Even on methane, the jury is out. The New York Times cites scientists who claim that U.S. cattle’s emissions of methane are not rising. This claim depends on how you do the math. It is notoriously difficult to properly account for greenhouse gas costs that are distant from the feedlot—say the impact of deforestation driven by grain cultivation. Some experts conclude that industry-touted greenhouse gas accounting systematically underestimates the full climate cost of the U.S. diet.

There’s an implicit assumption in such articles that aligns with the meat industry’s own position: Meat consumption is inelastic, making it at once an inalienable right and an intractable problem. If we’re going to eat beef, the argument goes, it might as well be clean beef.

Unfortunately, there’s more than enough research at this point to know that clean beef is like clean coal: more an oxymoron than a practical solution. Feedlot beef cannot be made greenhouse gas neutral; it can be made less disastrous. As one of the researchers quoted in the article puts it, “We’re looking at mitigation strategies.” But the simple truth is that the only way to mitigate the impact of cattle is to produce and eat fewer cattle. This is as true in 2020 as it was in 1971, when Frances Moore Lappé published the cult classic paean to vegetarianism Diet for a Small Planet in response to the environmental impact of meat production.

Those who consider the broad impacts of food production, like the EAT-Lancet Commission, have concluded that “global food production threatens climate stability and ecosystem resilience and constitutes the single largest driver of environmental degradation and transgression of planetary boundaries.” Crucially, it notes the broader systemic costs that a narrow focus on emissions might miss.

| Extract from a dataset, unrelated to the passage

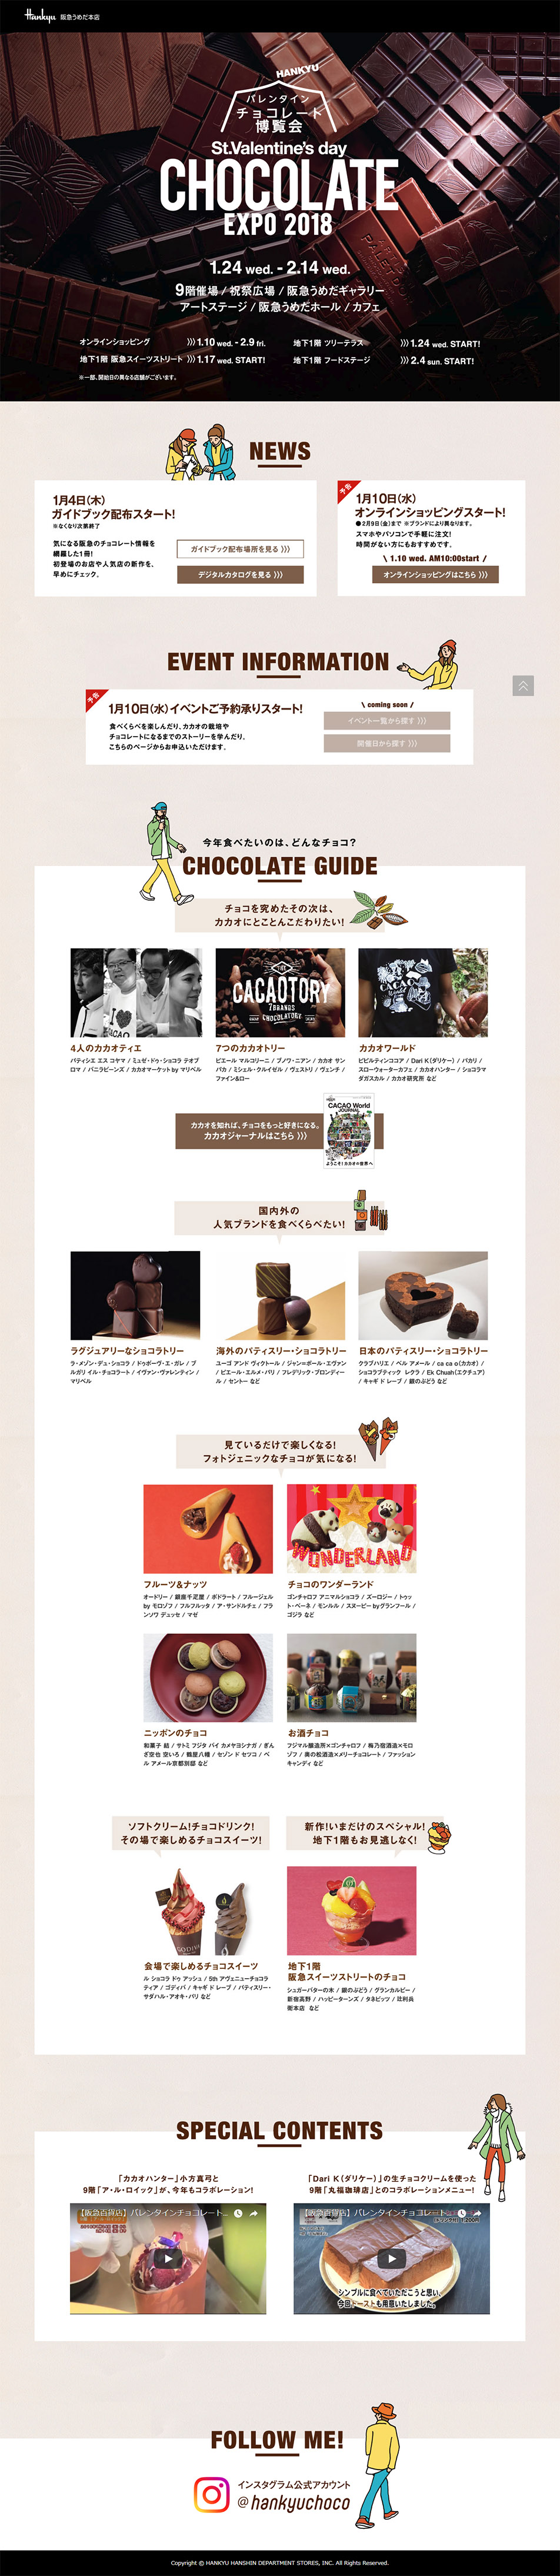 阪急バレンタインチョコレート博覧会 2018_pc_1
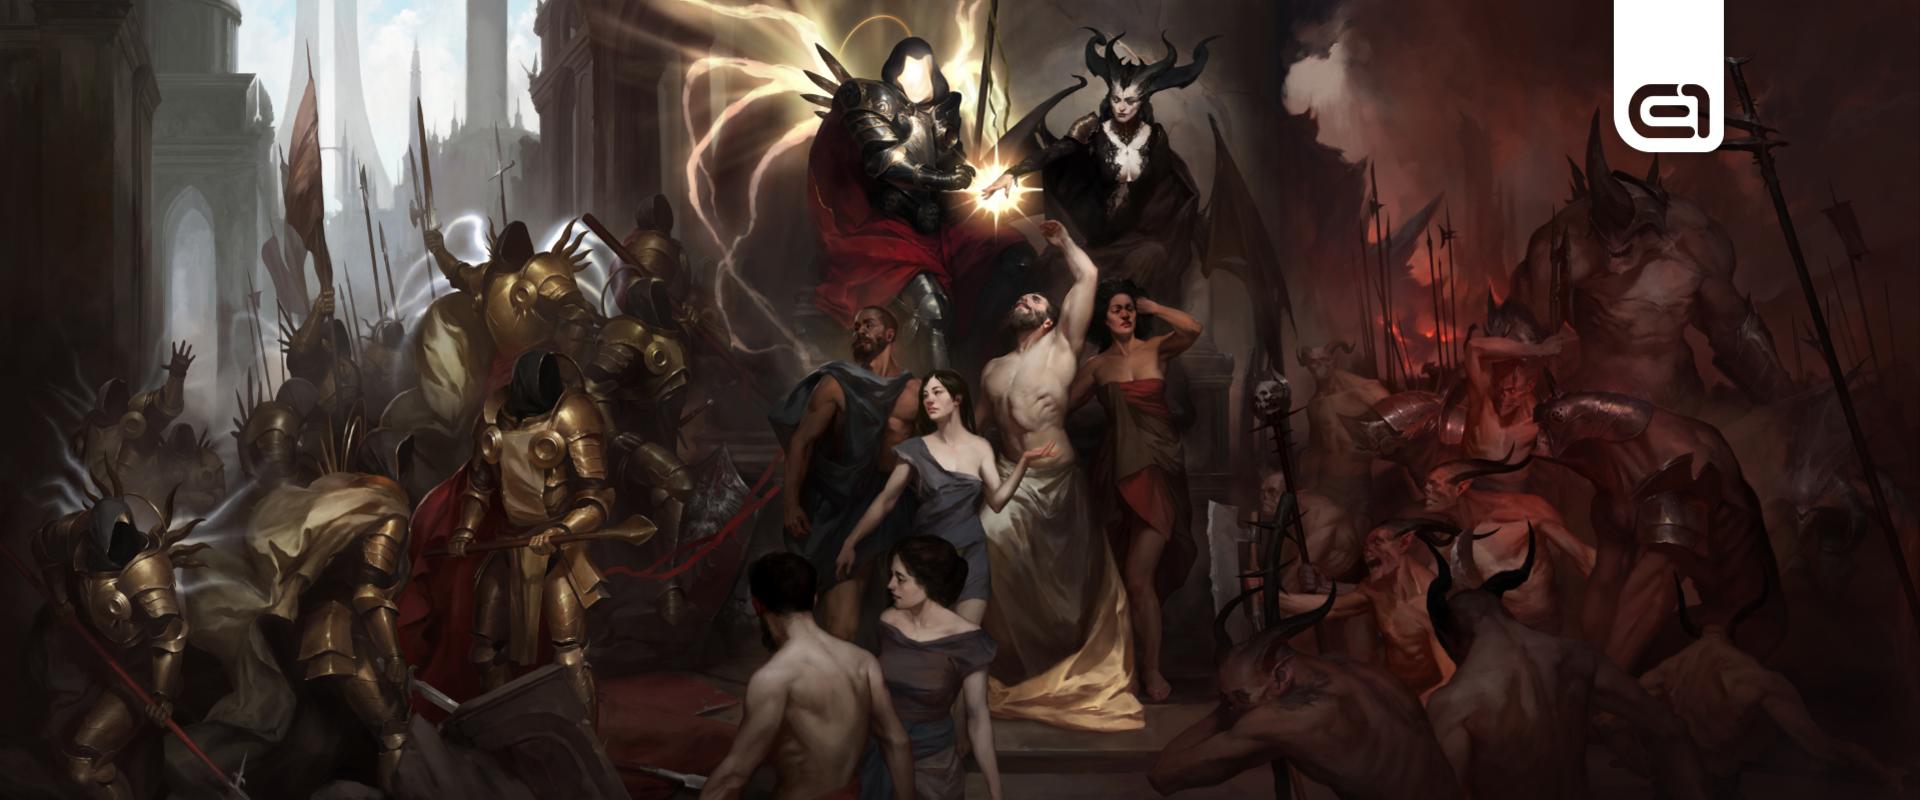 Értékes kincseket rejt a Diablo IV Collector’s Edition, csak pont a lényeg hiányzik belőle

As a result, it urges bigger-picture thinking rather than siloed solutionism.

If anything, doubling down on feedlots forecloses some of the most promising strategies for emissions reduction and sequestration. In wonk-speak, it has significant opportunity costs. If land currently used for feed production were reforested (or rewilded) it would dramatically increase planetary biotic carbon-capture capacity. Shrinking feedlots would also introduce some exciting political possibilities for land use. In the U.S., land currently dedicated to feed production might be used for sustainable agriculture based on perennial polycultures. Or it could be returned to native peoples from whom it was forcibly taken. Or it could be used to support farmers from communities dispossessed by the Agriculture Department’s long history of racism. All of these ideas have merit, and none of them are possible in a world in which our addiction to beef is sustained.

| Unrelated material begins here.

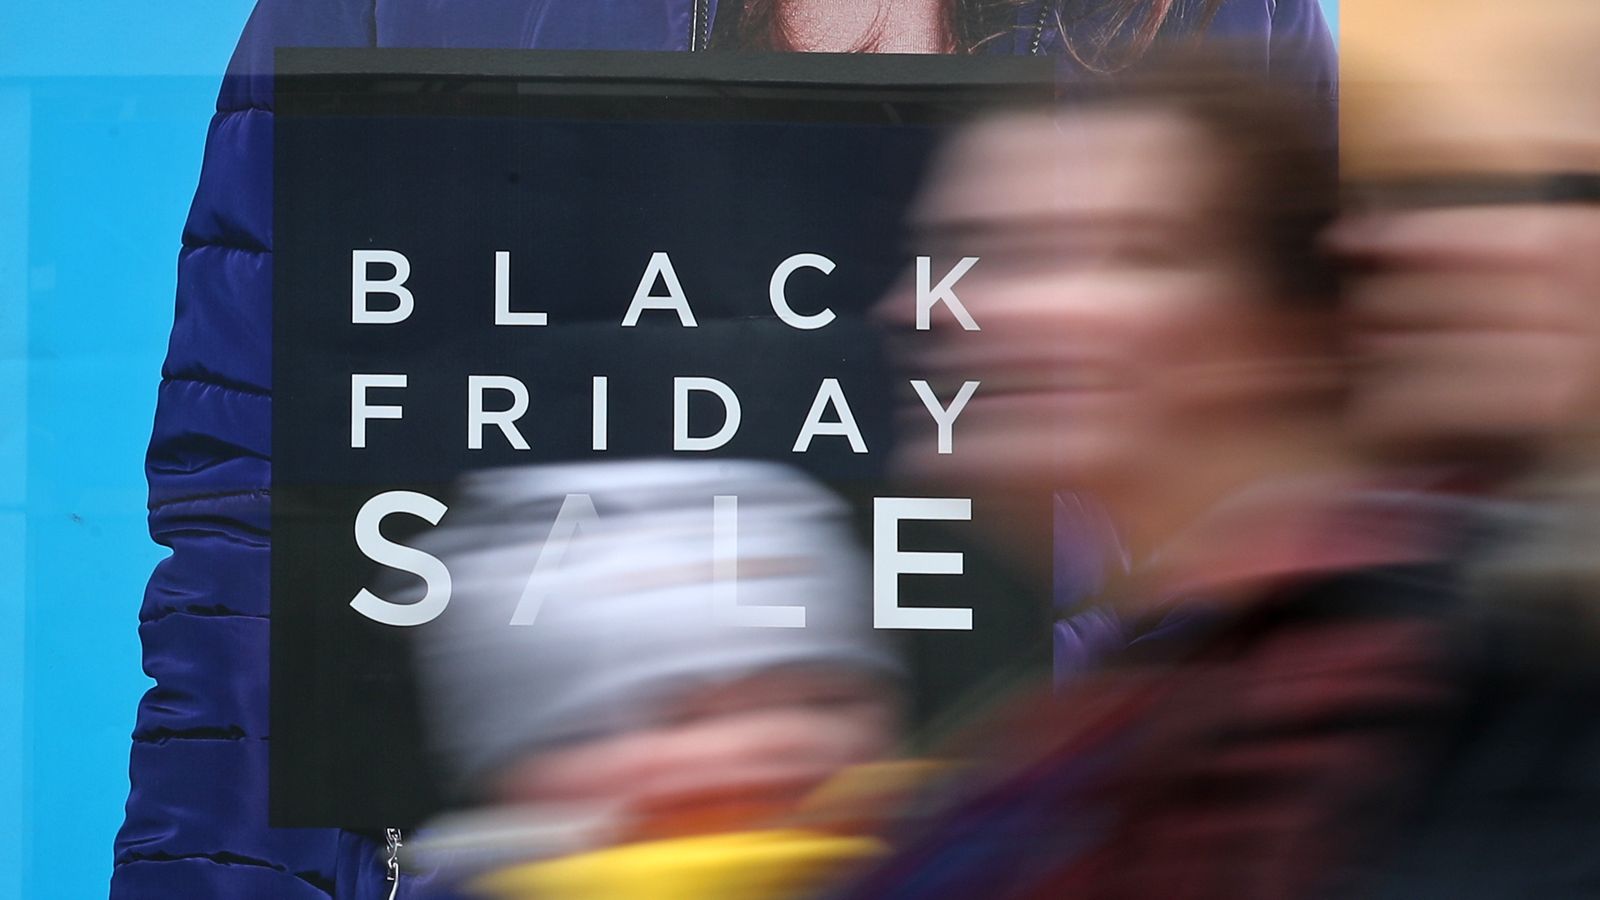 К Черной пятнице «следует относиться с долей скептицизма» — Consumer Group |  Деловые новости
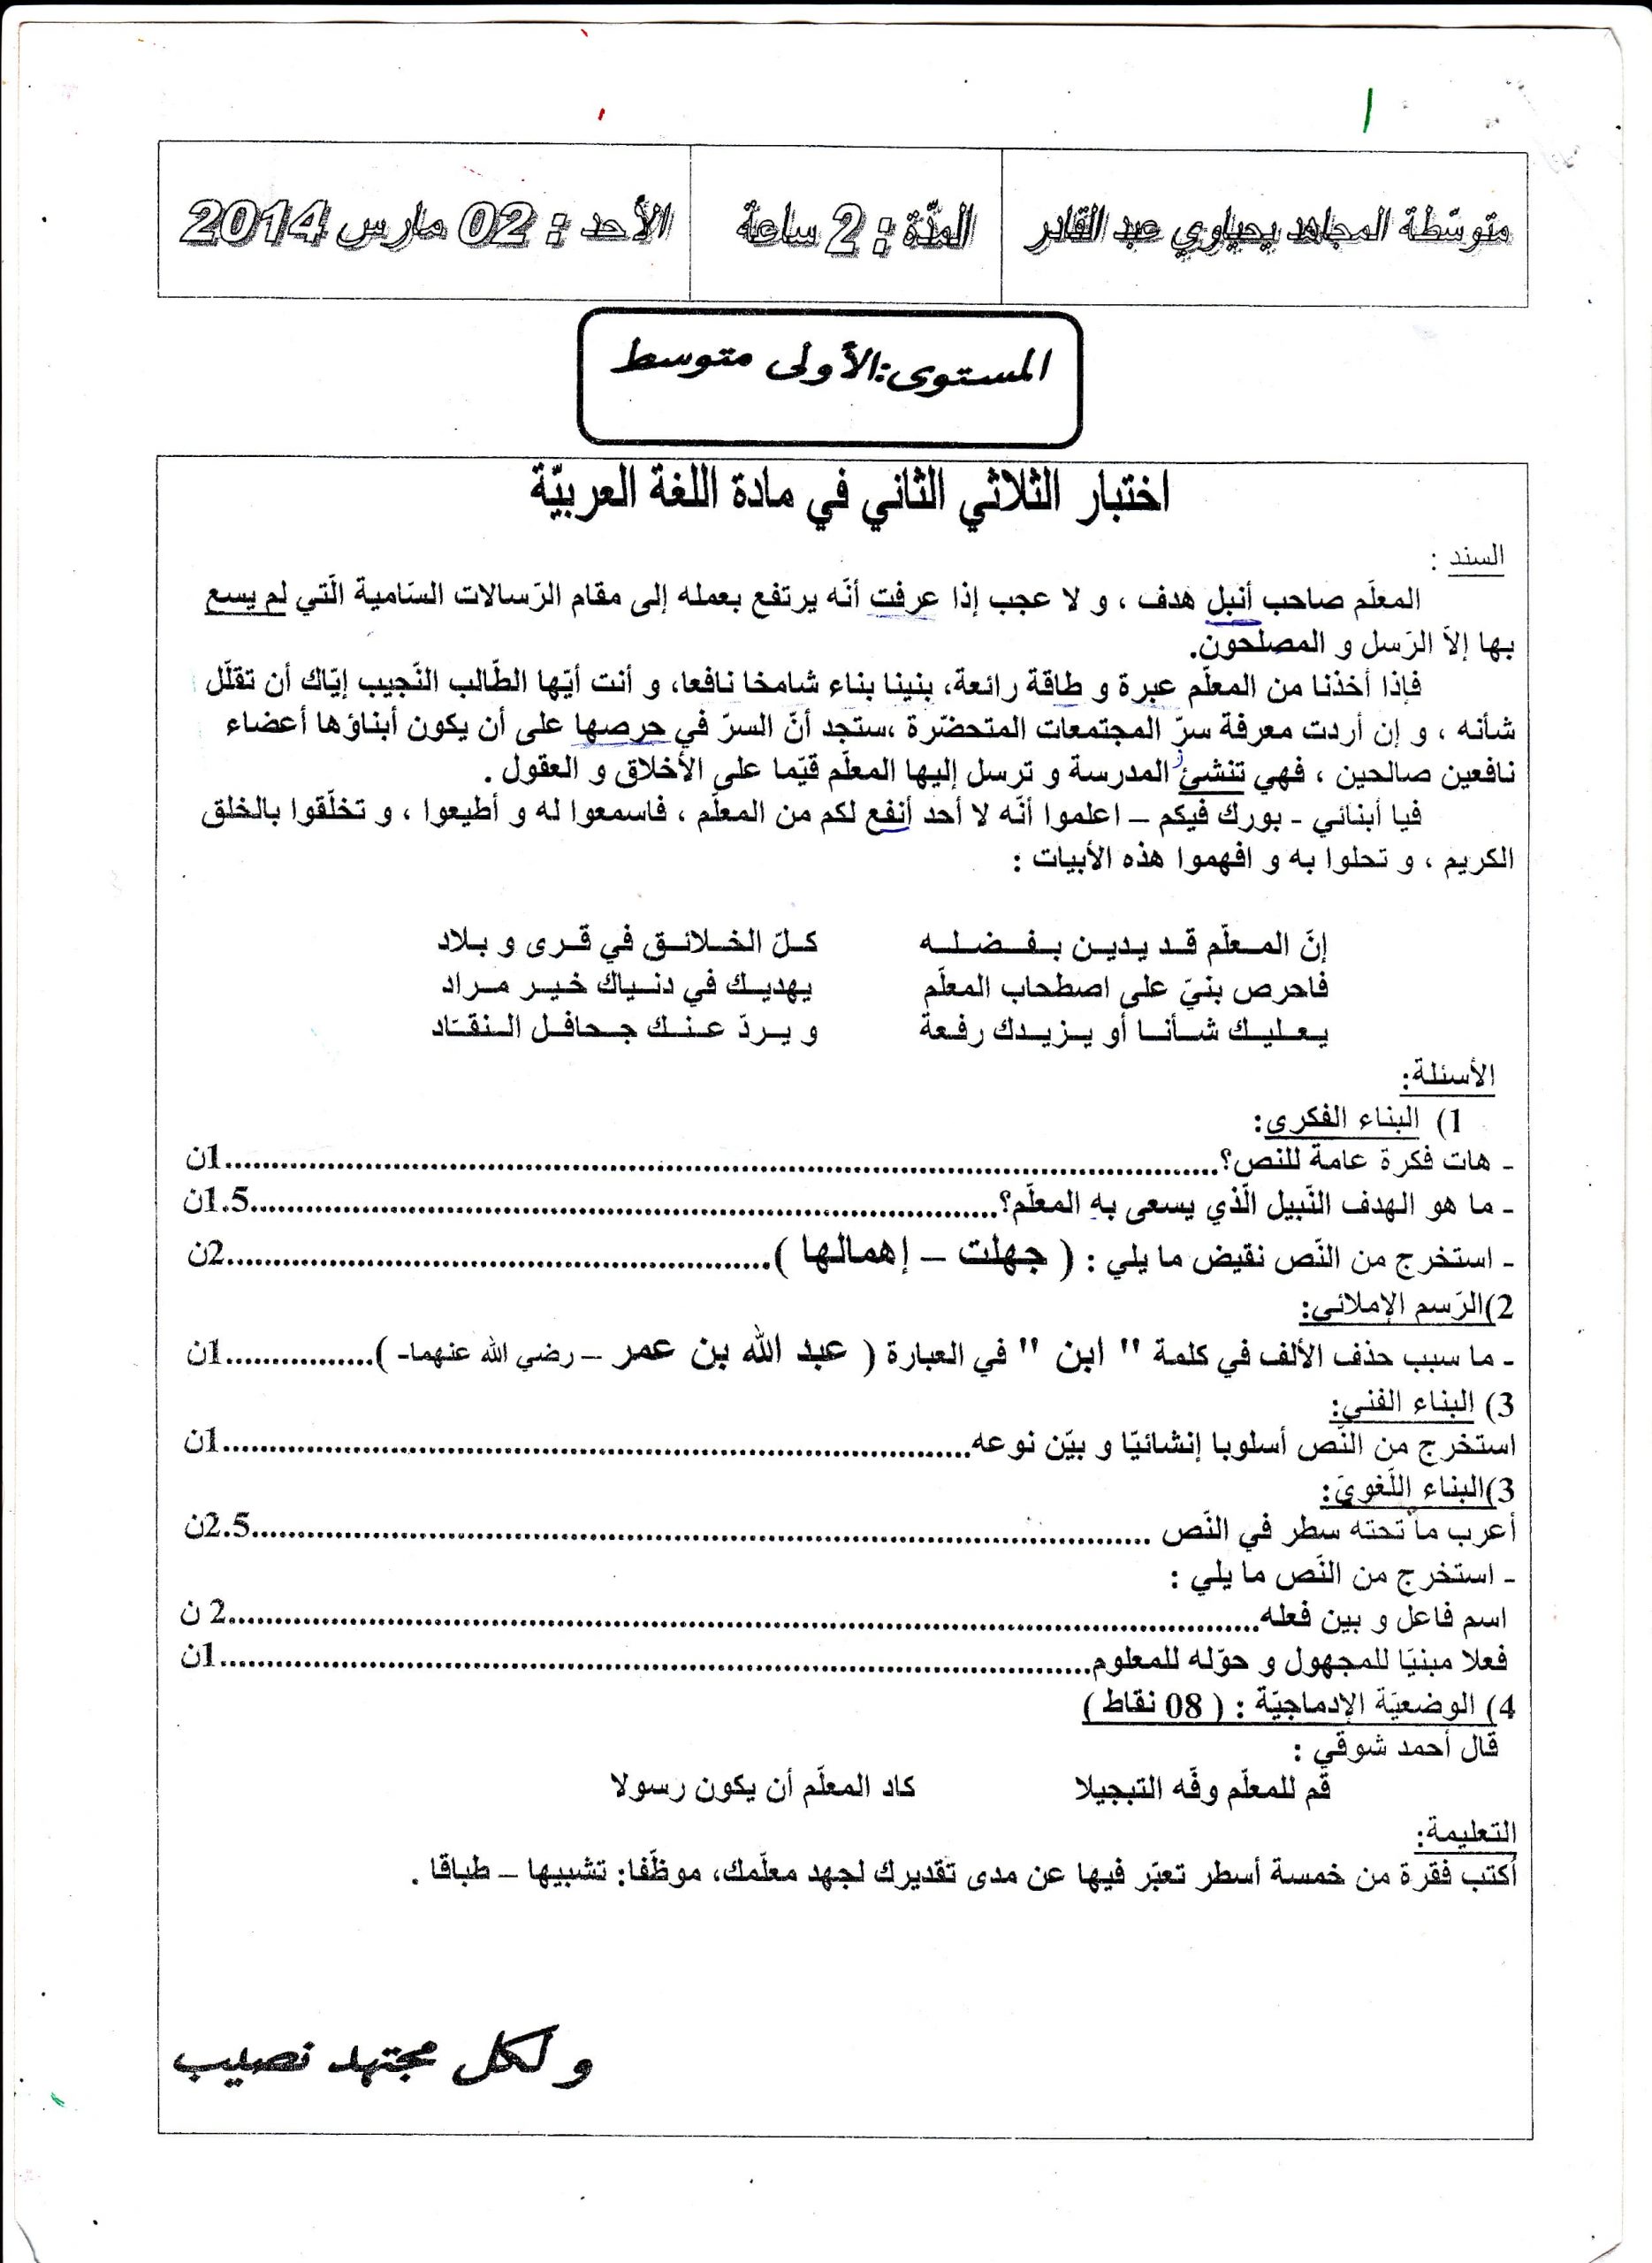 إختبار الفصل الثاني في مادة اللغة العربية للسنة الأولى متوسط

Reporting on mitigation strategies isn’t necessarily a bad-faith exercise. Sure, the New York Times piece fails to include quotes from critics and refers only in passing to the beef industry’s “windowless slaughterhouses, staffed largely by immigrant workers.” But the broader issue is that a lot of journalism on this topic falls into an all-too-common trap: reducing all environmental politics to greenhouse gas metrics—and hoping against hope that the evil humans wreak upon each other and the world can be engineered away, no soul-searching necessary.